As I have tried to argue, binary theorizing that divides actions into willed and un-willed categories does not provide us with a useful perspective to understand action control, neither in the disguise of the will/habit opposition, nor in the case of the intentional/automatic opposition, nor with the model-based/model-free opposition.³ There can be little doubt that practice changes the representation of stimulus and action events, that it creates associations between the codes forming these representations, and that these associations have impact on action control. However, there is no systematic evidence suggesting that the amount of practice can predict which actions people choose, or that people choose actions that are unrelated to their current goals. Rather, it seems that goals set the stage for the competition of various, presumably automatic processes. Given that people control goals, rather than processes, it is always possible that one of the processes being involved in the competition turns out to be less functional than others, but this is a normal outcome of processing in a system that is as competitive as the human brain. As argued and developed in some detail elsewhere (Hommel and Wiers, 2017), the time seems ripe to move on toward a more integrative framework of human action control: a framework that embraces the complexity of action control and that goes beyond mere binary categorization, both in terms of functional explanation and with respect to the neural mechanisms. In the following, I will briefly sketch the core concepts of Hommel and Wiers’ Unitary Model of Action Control (UMAC; the interested reader is referred to Hommel and Wiers, 2017, for more detail) and relate them to existing dual-route models.

According to UMAC, selecting an action is biased by multiple goals. Goals are functionally represented by one or many selection criteria that serve to provide top-down support for representations of actions that are expected to meet these criteria.

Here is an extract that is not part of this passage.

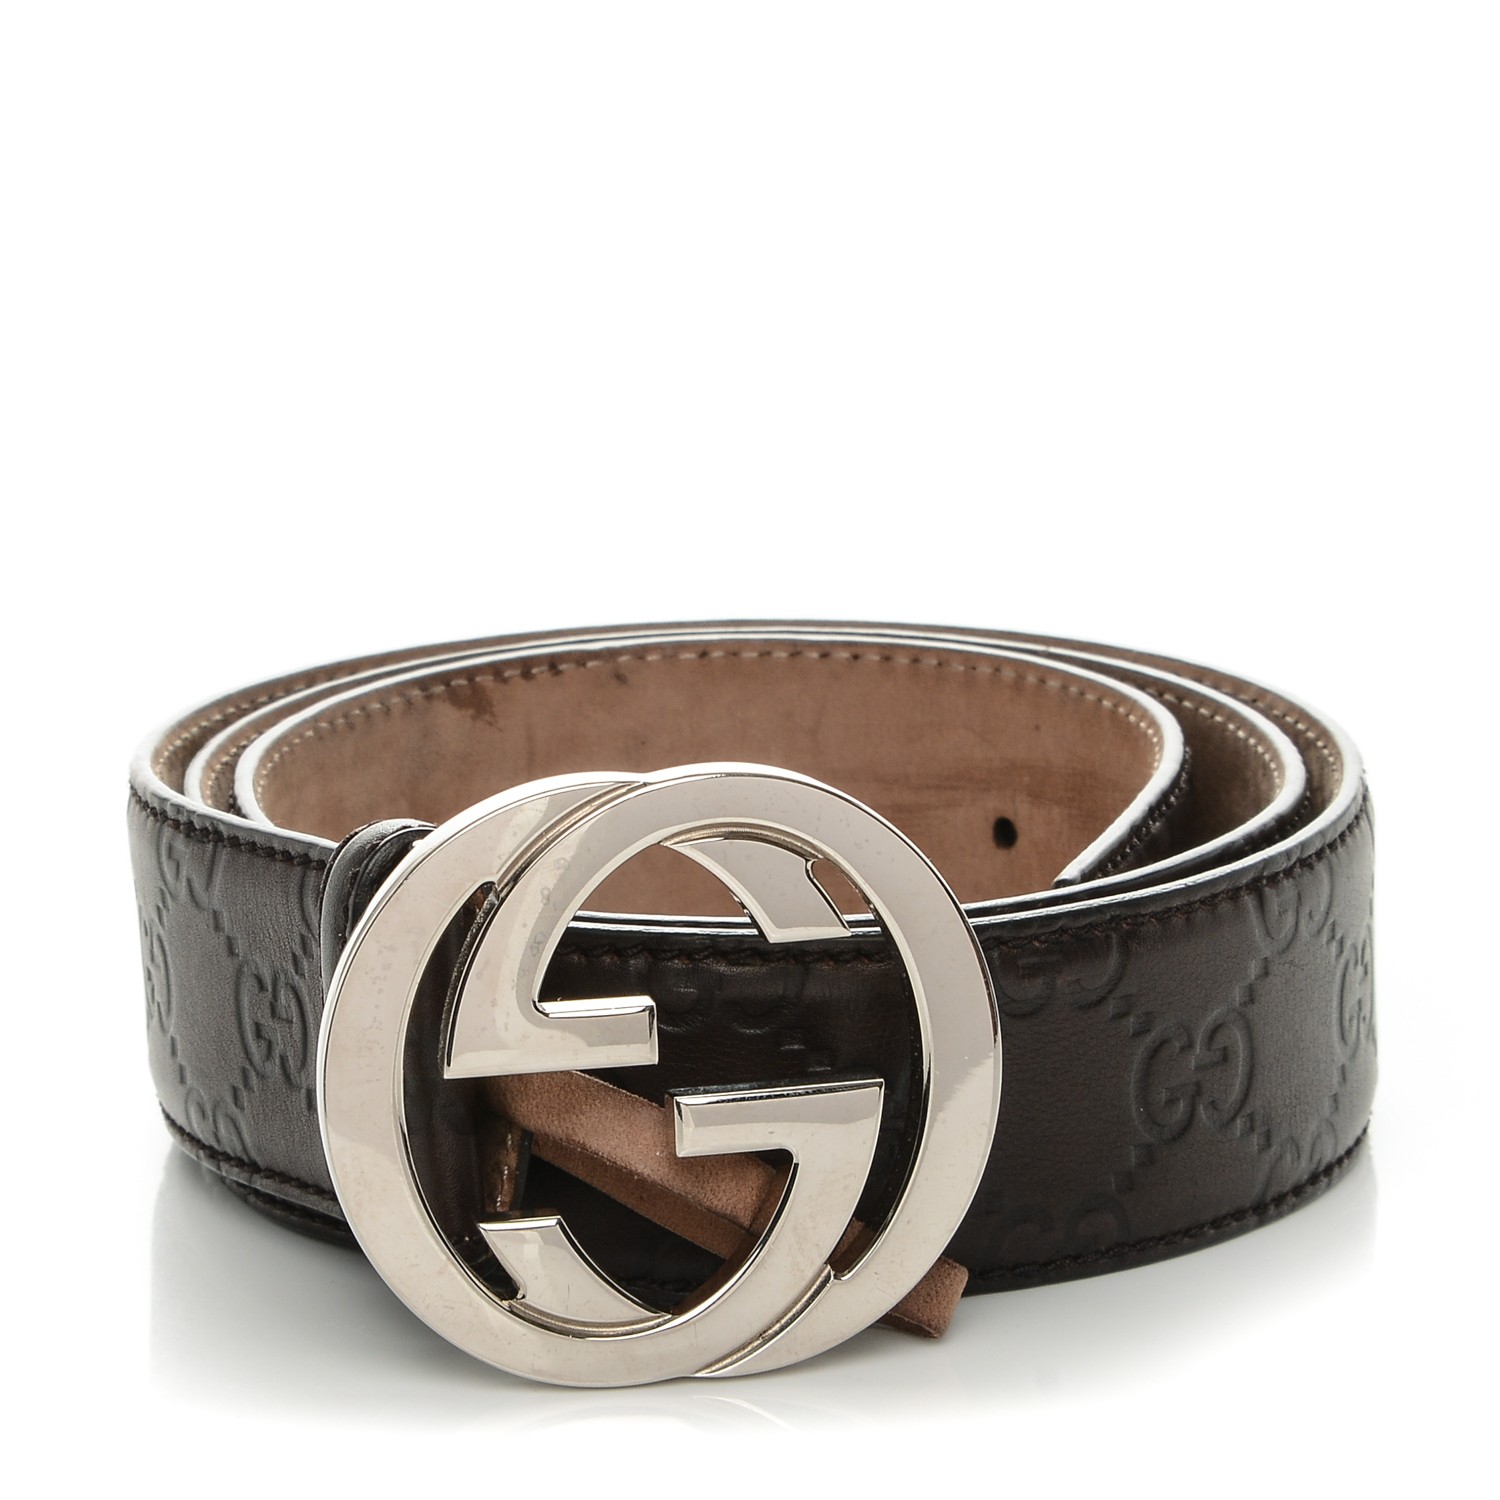 GUCCI Guccissima Interlocking G Belt 95 38 Chocolate 187595

For instance, the decision to grasp a cup of coffee on a table by means of one’s right hand might be driven by selection criteria that promote actions that involve grasping, actions that serve reaching a cup, actions that are likely to have positive consequences, actions that are easy to perform, and actions that go fast. The selection criteria might be taken to represent multiple goals, like quenching one’s thirst for coffee, moving with little effort, having fun, and pushing one’s energy, but UMAC does not require the specification or even the integration of dedicated goals—all that counts are activated selection criteria. Given that many of the criteria will be satisfied by more than one action representation, the (entirely automatic!) competition between suitable representations might be fierce but eventually be gravitating toward the representation of the action that best meets most or all of the criteria. Note that this scenario implies both: that all actions reflect goal states and that all actions are selected automatically. In other words, all actions are both intentional and automatic.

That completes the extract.